Funding also has been virtually flat for the last several years. That's "too low for its real promise to be realized," said Aneva Yazzie, who heads the Navajo Housing Authority, which serves Navajos in Arizona, New Mexico and Utah.

Tribes on rural reservations struggle to provide water, sewer service and electricity, meaning building costs are higher than in other communities. As costs have risen, tribes also have had to put more money into keeping up existing homes, leaving them less able to build new houses, Yazzie said.

As a result, housing shortages on reservations are severe.

Almost half of the homes on reservations are considered too small or substandard. About 90,000 Indian families are homeless or have inadequate housing, according to the National American Indian Housing Council, which estimates about 200,000 new homes are needed on reservations across the country.

Sen. Byron Dorgan, D-N.D., said he was sympathetic, and criticized the administration's budget request.
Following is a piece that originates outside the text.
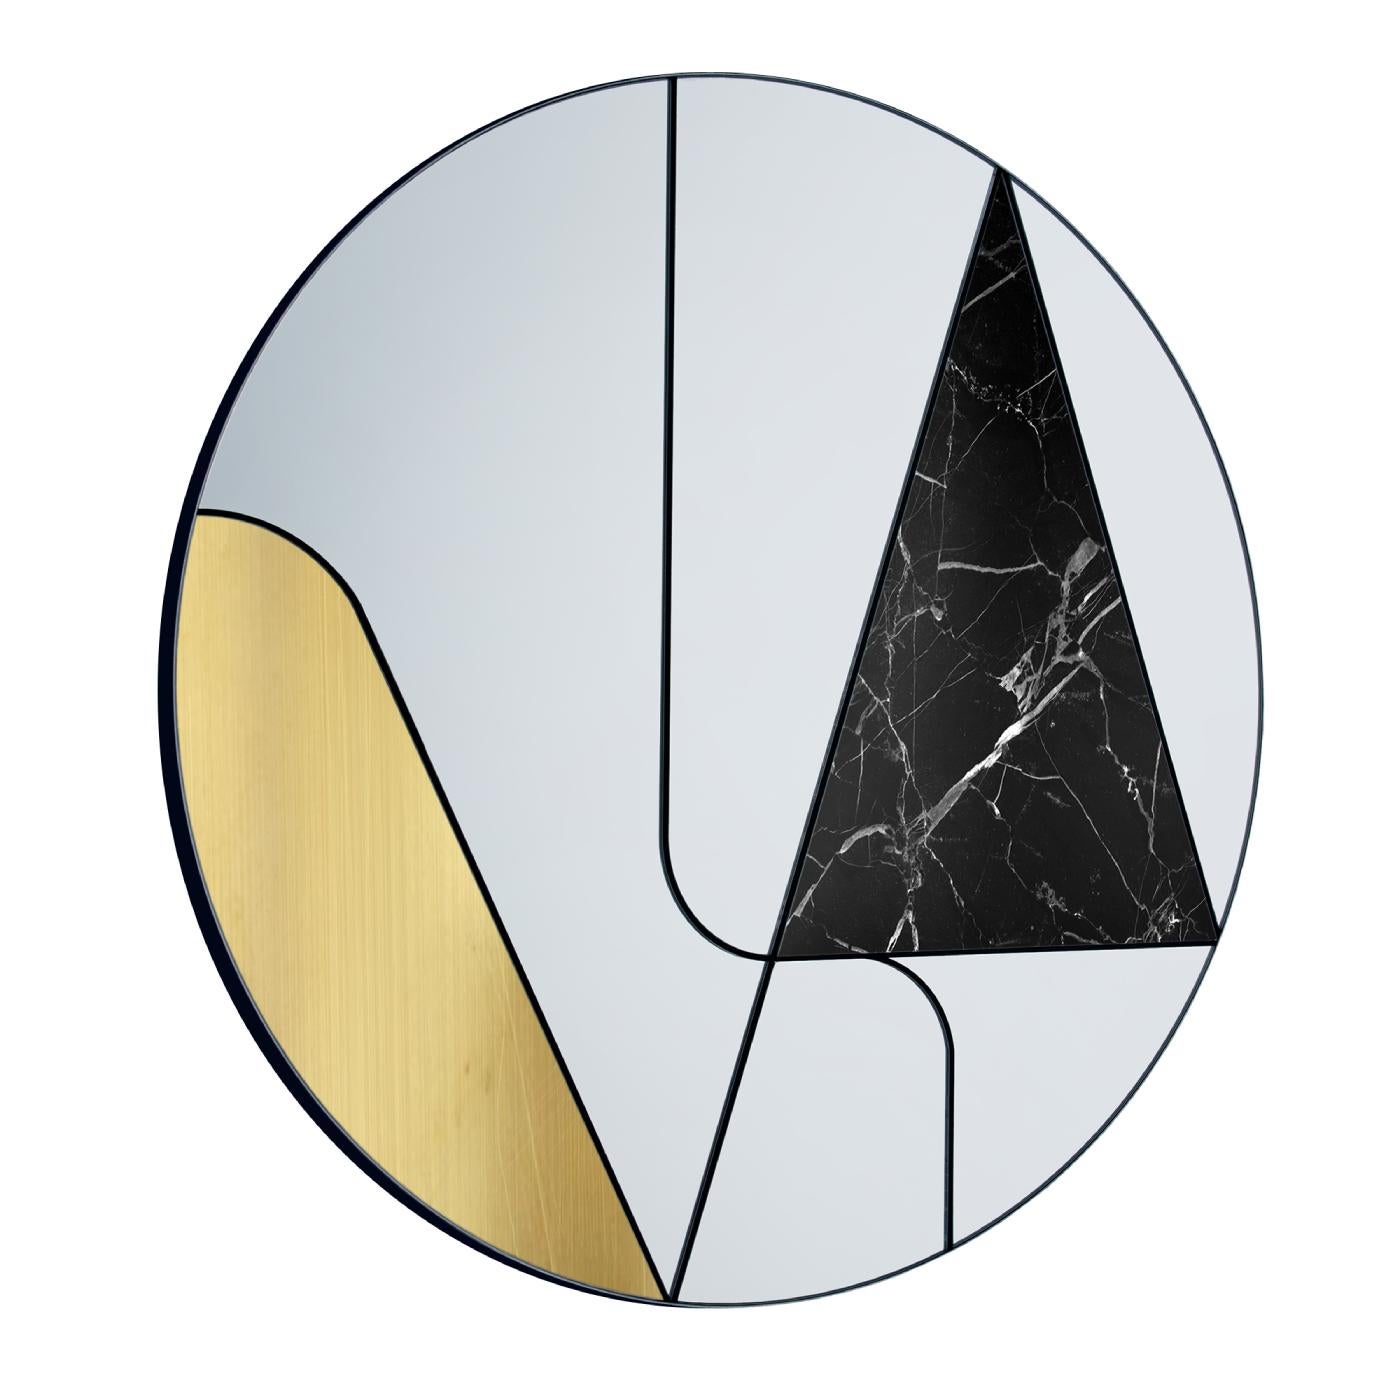 A series of lines cut the space within the round frame of this magnificent mirror, the asymmetric mirrored surfaces adorned with a curved insert in brushed brass and a triangular slab of black Marquina marble. This captivating design is entirely

Dorgan pushed an official from the Department of Housing and Urban Development to answer whether he agrees that more money is needed for the program. Dorgan pointedly repeated his question when the official, Rodger Boyd, deputy assistant secretary for Native American Programs, answered that HUD was committed to trying to leverage funding from elsewhere to supplement the budget.

"These are third-world conditions," Dorgan chided. "Do you not agree the need to adequately fund the program is also a critical need?"